4. Il résulte des dispositions citées au point 3 qu'une zone agricole a vocation à couvrir, en cohérence avec les orientations générales et les objectifs du projet d'aménagement et de développement durables, un secteur, équipé ou non, à protéger en raison du potentiel agronomique, biologique ou économique des terres agricoles.

5. Le projet d'aménagement et de développement durables de la métropole européenne de Lille s'est fixé pour objectifs de limiter l'étalement urbain, de favoriser la préservation des espaces agricoles et de " développer de nouvelles activités agricoles dans la tâche urbaine existante, sur des terrains actuellement artificialisés ou pas ". Il a retenu à ce titre un objectif que 50 % des surfaces soient classées en zones naturelles ou agricoles. Il a entendu également " préserver la cohérence des plaines agricoles en évitant leur morcellement et maintenir les coupures urbaines dans le développement périphérique des communes ", ces espaces non bâtis qui séparent les villes et les villages constituant " une respiration nécessaire pour préserver la plaine agricole ".

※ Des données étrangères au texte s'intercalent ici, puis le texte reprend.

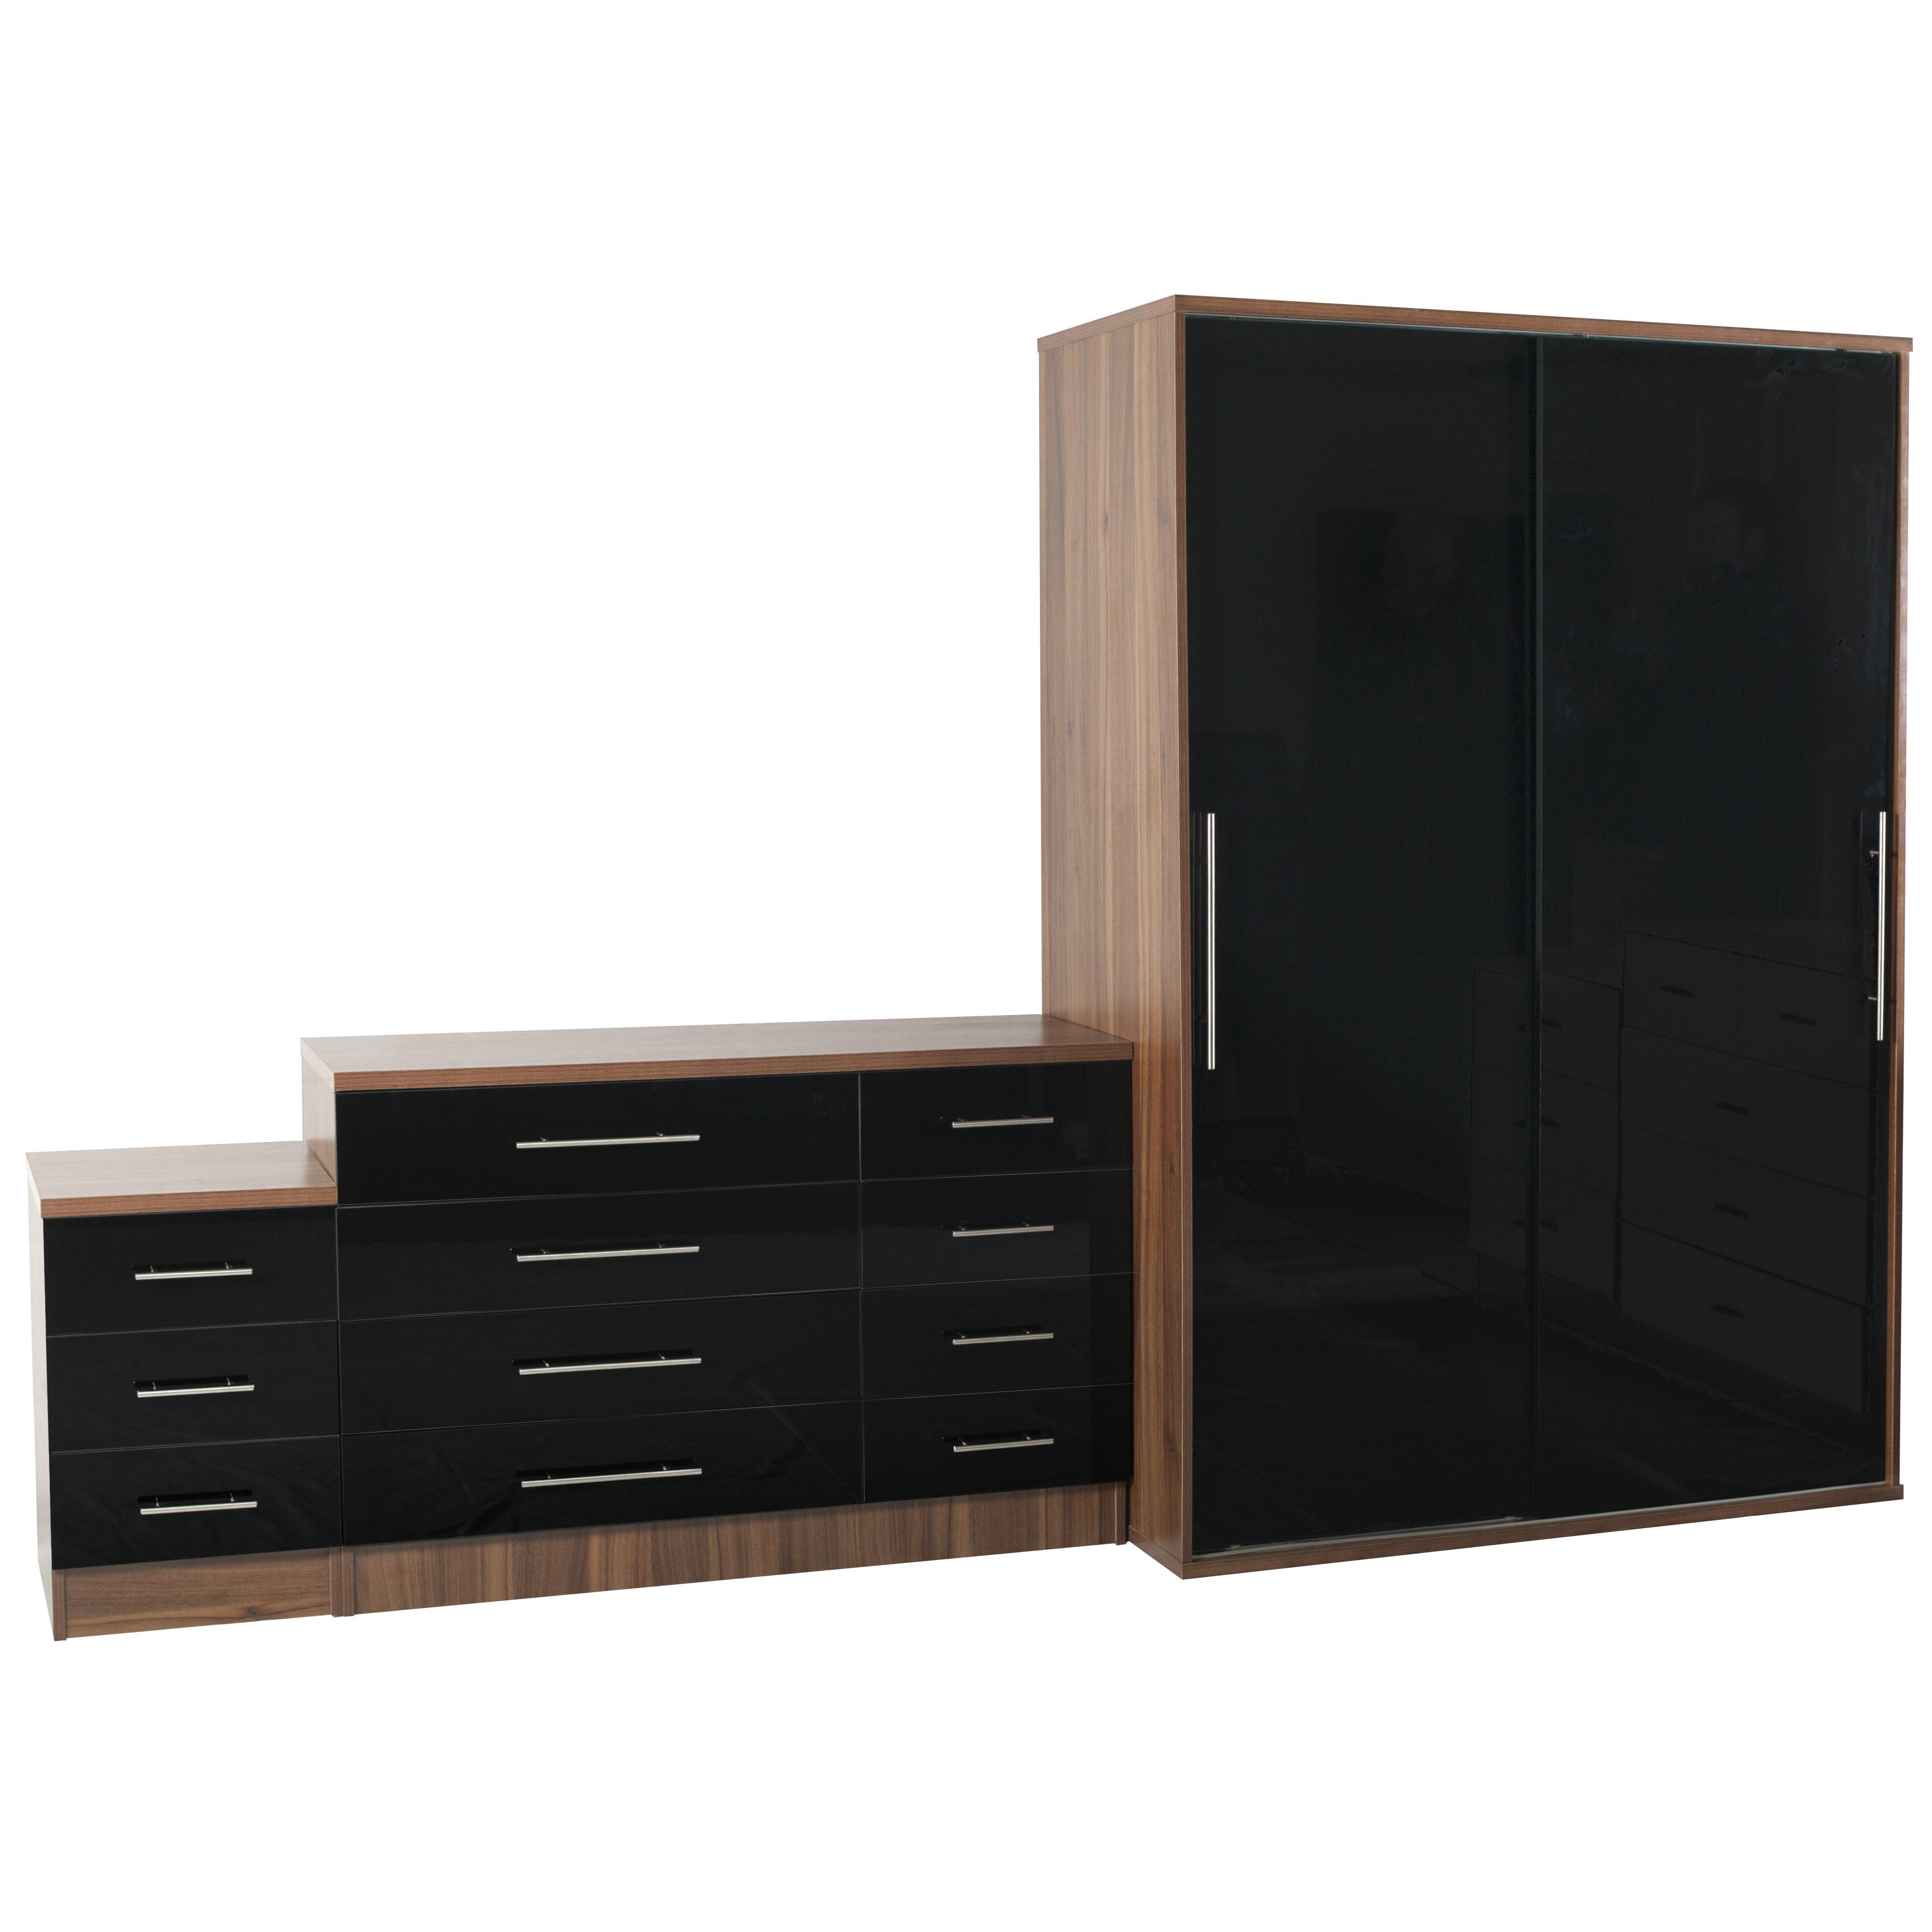 Home etc owen trio bedroom set reviews wayfair uk for Furniture etc reviews

6. Les propriétés des appelants, si elles se situent au sud et à l'est en bordure de la zone urbaine, font partie au nord et à l'ouest d'un vaste compartiment de grandes cultures agricoles entre Linselles et Roncq, se prolongeant en direction d'Halluin et de Bousbecque. En particulier la parcelle BC 53 est exclusivement entourée de parcelles agricoles. Si la parcelle BC 65 en front à rue fait face à un lotissement, elle permet d'avoir depuis la voie publique une fenêtre sur la plaine agricole et ainsi de préserver la respiration constituée par la coupure constituée par la zone agricole. Si deux de ces parcelles supportent l'habitation des appelants, le reste des parcelles est non bâti. Par ailleurs les appelants n'établissent pas que leurs terrains seraient dépourvus de tout potentiel agrologique, biologique ou économique. S'ils soutiennent que le classement en zone agricole ne leur permet pas de rénover leur maison, le règlement du plan local d'urbanisme intercommunal permet en zone agricole, l'extension ou la réalisation d'annexes aux bâtiments d'habitation existants " dès lors que ces extensions ou annexes ne compromettent pas l'activité agricole ou la qualité paysagère du site ". Enfin, les propriétés des appelants ne constituent pas une dent creuse dès lors qu'elles ne sont pas bordées d'unités foncières bâties en limite séparative avec elle notamment au nord-ouest et qu'elles ne sont pas dépourvues de toutes constructions, ce qui constitue une des conditions listées par le glossaire annexé au règlement du plan local d'urbanisme intercommunal pour définir une dent creuse.

7. Dans ces conditions, en classant en zone agricole les parcelles en cause, les auteurs du plan local d'urbanisme intercommunal n'ont pas commis, compte tenu des orientations du projet d'aménagement et de développement durables, une erreur manifeste d'appréciation, comme l'ont jugé à bon droit les premiers juges. A la date à laquelle la cour statue, aucun changement de circonstances de fait ou de droit n'a rendu ce classement manifestement illégal. La métropole européenne de Lille n'était donc pas tenue d'abroger le plan local d'urbanisme intercommunal en tant qu'il classe en zone agricole la propriété des appelants.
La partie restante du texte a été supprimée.